More than 50 percent of small business owners are over 50, documents SCORE, the volunteer organization which guides professionals in all aspects of business.
Most of those enterprises are small, that is the founders have no vision of being the next Marc Zuckerberg. However, 64 percent indicate they plan to expand in the near future. That is, unlike too many current corporations, they are in a growth mode.
Many entail leveraging a part or parts of the expertise which used to be your career. For instance, the former sales professional for Big Pharma creates a boutique training sales tactics. The former public relations agency generalist vice president hones in on the need for putting together special events.
The drivers for opting out of being an employee to being an owner include:
Future of white collar jobs in play. Mergers, flattening of organizations, restructuring, RIFs and implementation of AI are all eliminating, at least temporarily, knowledge worker positions.
Some speculate overall those jobs are not coming back. At least not in the numbers of positions which had been standard. Those include management consulting, public relations, content-creation, human resources, entertainment, old tech and more. Actually, as I explain in an article published in O’Dwyer’s Public Relations, the job you have today will remain in play, probably for a long time. That could be the new future of work.
Ageism. Well-known is the research of Pro Publica. It found two grim developments. One, if you are 50 or older the majority of you will be forced out of your organization. And, two, if you are fortunate enough to land another job in your field only 10 percent of you will be receiving comparable compensation.
After all, a major reason for pushing you out is the level of your compensation. Employers can parachute in the younger generations for much less than they had been paying you. Also, the focus is getting a particular job done. All your extensive expertise might not be required for that. So, why pay you premium wages for knowledge/skills not being applied!
The resentment over lower compensation as an employee can be the breeding ground for manifesting the entrepreneurship path.

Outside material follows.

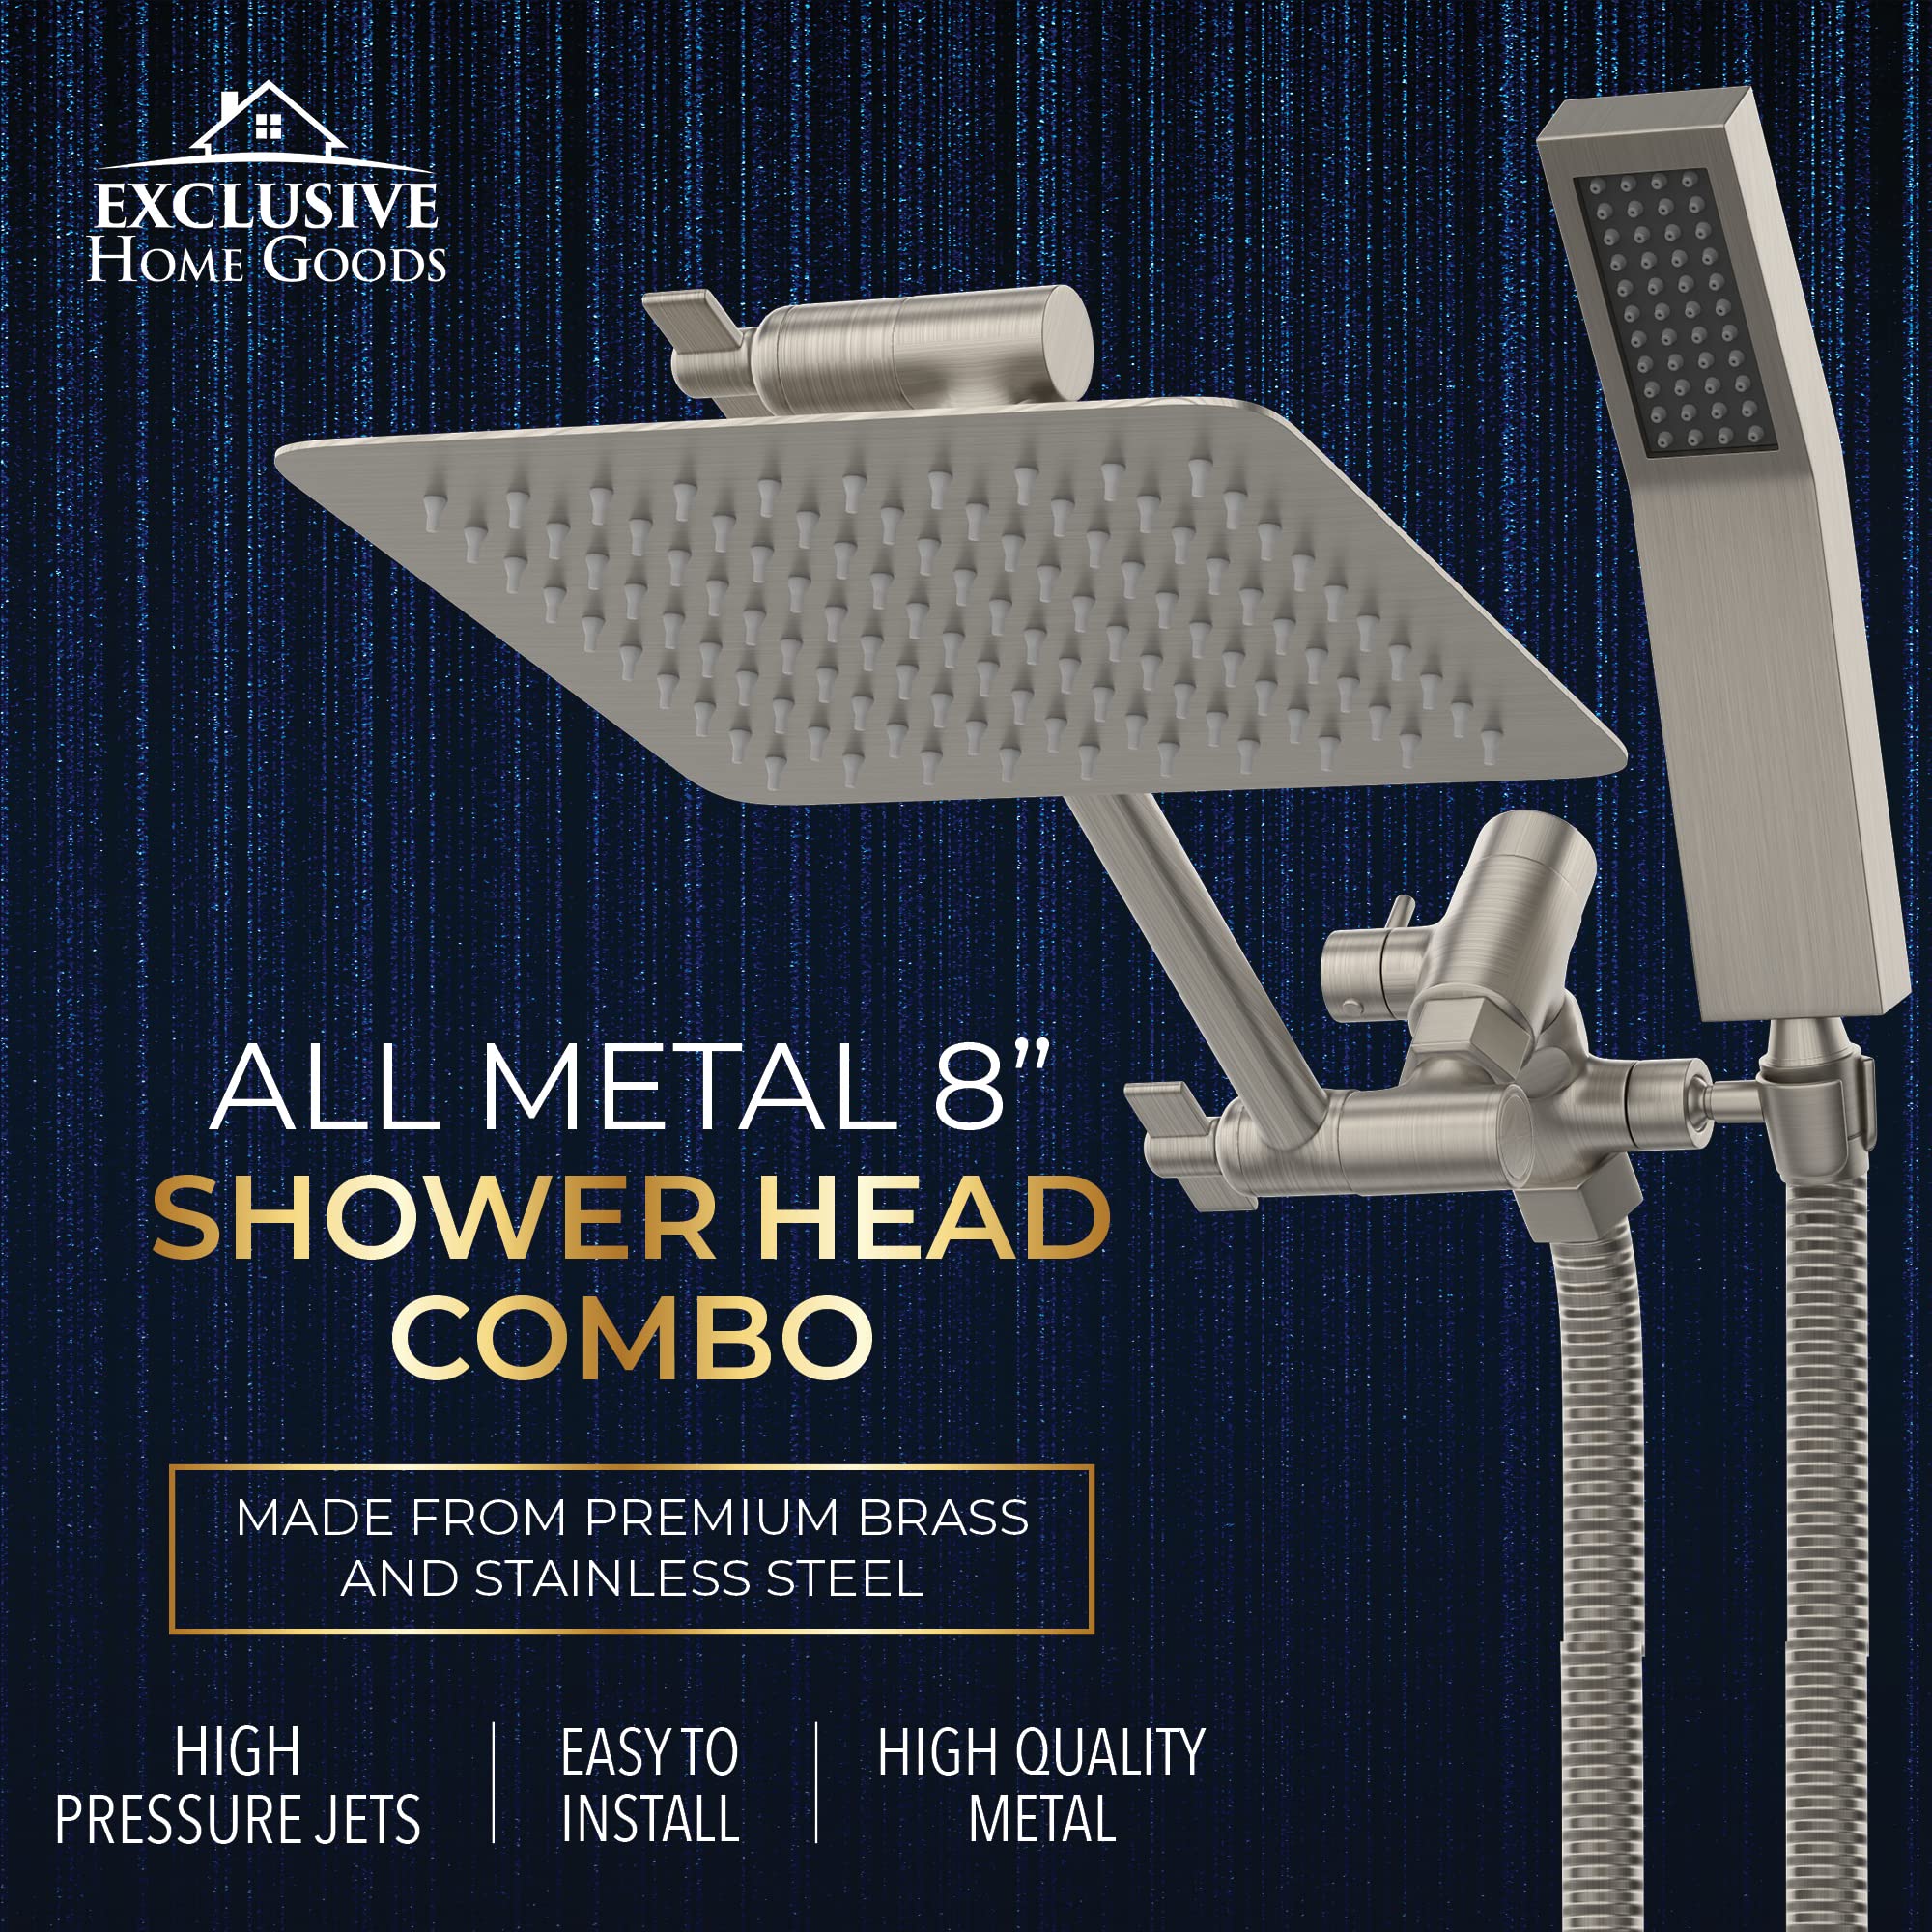 All Metal Shower Head Dual Square Shower Head With Handheld Wand 71in Hose Set, High Pressure Rain Shower Heads Combo, 3-Way Diverter Rainfall Showerhead with Adjustable Extension Arm  - Very Good

Pandemic. The number of applications for small business soared in July 2020, tracked Forbes. There were layoffs, delayed hiring and even rescinded job offers. Necessity is the mother of invention. Also, given the upheaval in what had been normal, there was the mindset of an opening to spot opportunity. That was primarily in business services, food/restaurants, retail, health and fitness and automobiles.
Keeping it simple. The media presents sagas of founders who go for the big time, ranging from the scope of the service/product to the funding. However, the usual is the simplest approach. In addition to small, simple is the respected model of being a solo entrepreneur.
One-third of founders want to maintain complete control. So, they don’t take on partners. Professional anonymous network Reddit chronicles solo flyers making $250 an hour through consulting.
Plenty of precedents. It had been the middle-aged middle managers purged from Corporate America during the late 1980s downsizings who blazed the way for future entrepreneurs. We Boomers had nowhere to go.
Very quickly we picked up on how to operate a business on-the-cheap. For example, essentially, we institutionalized the home office, without apology. The new Staples concept of office supplies for small business provided hands-on guidance in purchasing equipment like shredding machines/PCs/printers and branding such as what kind of paper/color to use for snail-mail marketing. For training in actual selling, we enrolled in Dale Carnegie seminars.
Yes, Boomers in the late 1980s showcased that you can make a good living without having to be an employee. Obviously, that was persuasive. The rate of small startups has been growing since then.
Redefining “risk.” Many of us Boomers recall our risk-averse parents who had weathered The Great Depression. Hammered into us was to pull out all stops to get a job and twist ourselves into a submissive-employee persona pretzel to hold onto that one job.
The new normal of a volatile global economy, how technology is changing demand and dog-maul-dog competition has made not taking a risk in how we earn a living an unacceptable risk.
Even in the once-staid legal sector, upstart Kirkland & Ellis made its way into being the most profitable law firm in the world by smashing traditional models. When I coached its former employees, I noticed they too were embedded with a zest for going out of the box.
Now other law firms such as Paul Weiss have mutated into operating on a high wire. That disruption includes investing unprecedented amounts of compensation to recruit star talent. Will that have the expected ROI? Time will tell. Meanwhile, not stirring up disruption is likely to classify you as irrelevant. Being labeled “stuck” is the current branding kiss of death.
But the issue is whether entrepreneurship is a fit for you in how to earn a good living. Most of my coaching clients experiment with that option while they still have other sources of income, be they the day job and/or side gigs. That side gig could evolve into the enterprise. The old adage still holds: Stick with what you know.
Thank you for paying so much attention to my postings.